William Pitt the Younger arrived at Pembroke in 1773, aged fourteen, having been granted special dispensation as the son of a former Prime Minister. He went down without taking his degree — he was too ill, and in any case his distinction in the university examinations had already made his reputation. He became Prime Minister at twenty-four, the youngest in British history, and served twice. The connection between Pembroke and British politics runs through the centuries. Edmund Spenser, who wrote The Faerie Queene, was here. Roger Williams, the Baptist theologian who founded Rhode Island in America, studied at Pembroke; the women's college at Brown University was named Pembroke College in his honour. The college bowling green is reputedly among the oldest in continuous use in Europe.

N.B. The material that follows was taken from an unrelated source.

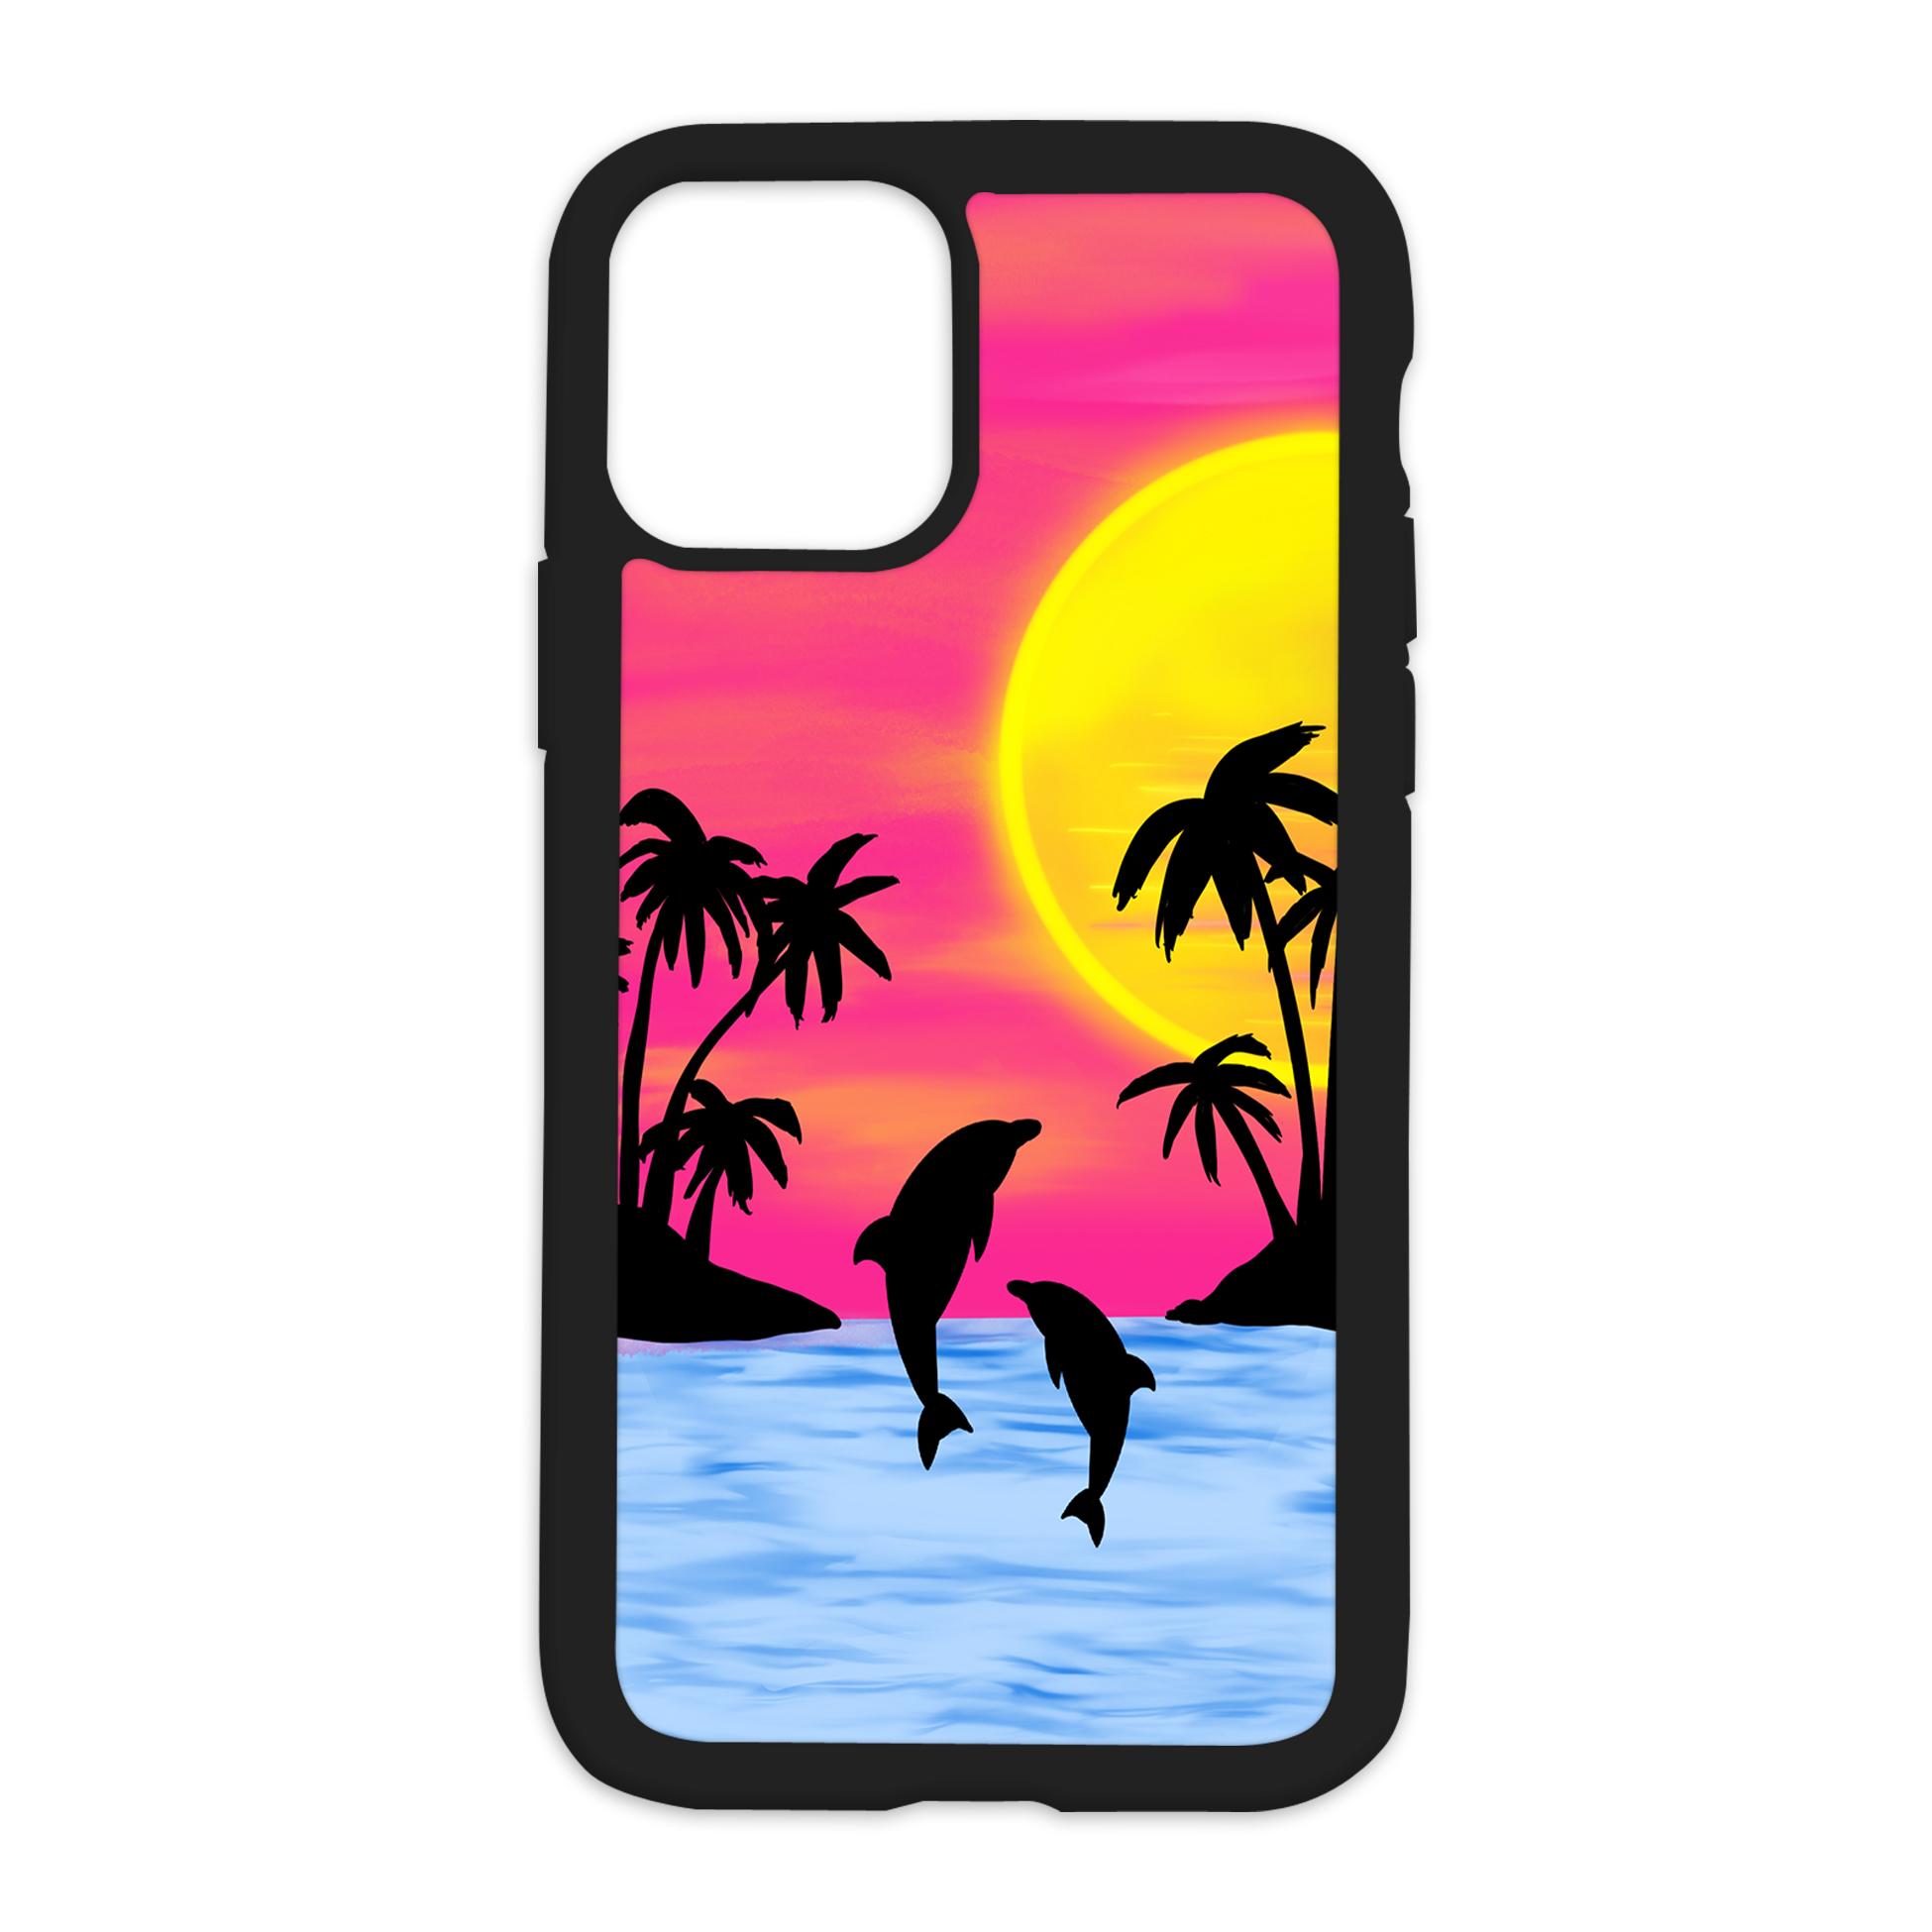 Sunset Vibes Design On Black Phone Case - 6/6s

A Bequest That Changed Sound

In 2015, the college received a bequest of £34 million from the estate of Ray Dolby, the American inventor who created the Dolby noise reduction system. Dolby had studied at Pembroke. The gift was believed to be the largest single donation to a Cambridge college in the university's history. The Pembroke Players, the college's dramatic society, has produced a remarkable series of alumni: Peter Cook, Eric Idle, Tim Brooke-Taylor, and Clive James all trod its boards. John Sulston, who won the Nobel Prize in Physiology or Medicine in 2002 for discoveries about genetic regulation of cell death, and Naomie Harris and Tom Hiddleston, both prominent film actors, also passed through Pembroke. The college has more than 700 students and fellows and has stood second in the Cambridge Tompkins Table academic rankings in multiple recent years.

Buildings Across Eight Centuries

Pembroke's oldest building is its gatehouse, the oldest college gatehouse in Cambridge. Old Court was the university's smallest original court at 95 by 55 feet, though it was enlarged in the 19th century. The Hall was rebuilt in 1875–76 by Alfred Waterhouse — who then had to be dismissed as architect in 1878 after relations broke down, replaced by George Gilbert Scott. In the gardens, a row of Plane Trees and a semi-wild patch known as the Orchard create a rare sense of wildness within the city. By popular legend, the Ivy Court is haunted. The college continues to expand: in 2017 it launched a campaign to enlarge its footprint across Trumpington Street by roughly a third. Female undergraduates were first admitted to Pembroke in 1984.

From the Air

Pembroke College lies at 52.202°N, 0.119°E on Trumpington Street, in central Cambridge. The college and its gardens are adjacent to the Fitzwilliam Museum and close to the River Cam. Cambridge City Airport (EGSC) is approximately 2 nautical miles to the northeast. From low altitude in clear conditions, Pembroke's Gothic Revival buildings and Christopher Wren's chapel can be distinguished from the general mass of Cambridge's college buildings. The approach to Cambridge over flat Cambridgeshire farmland provides excellent visibility of the city centre.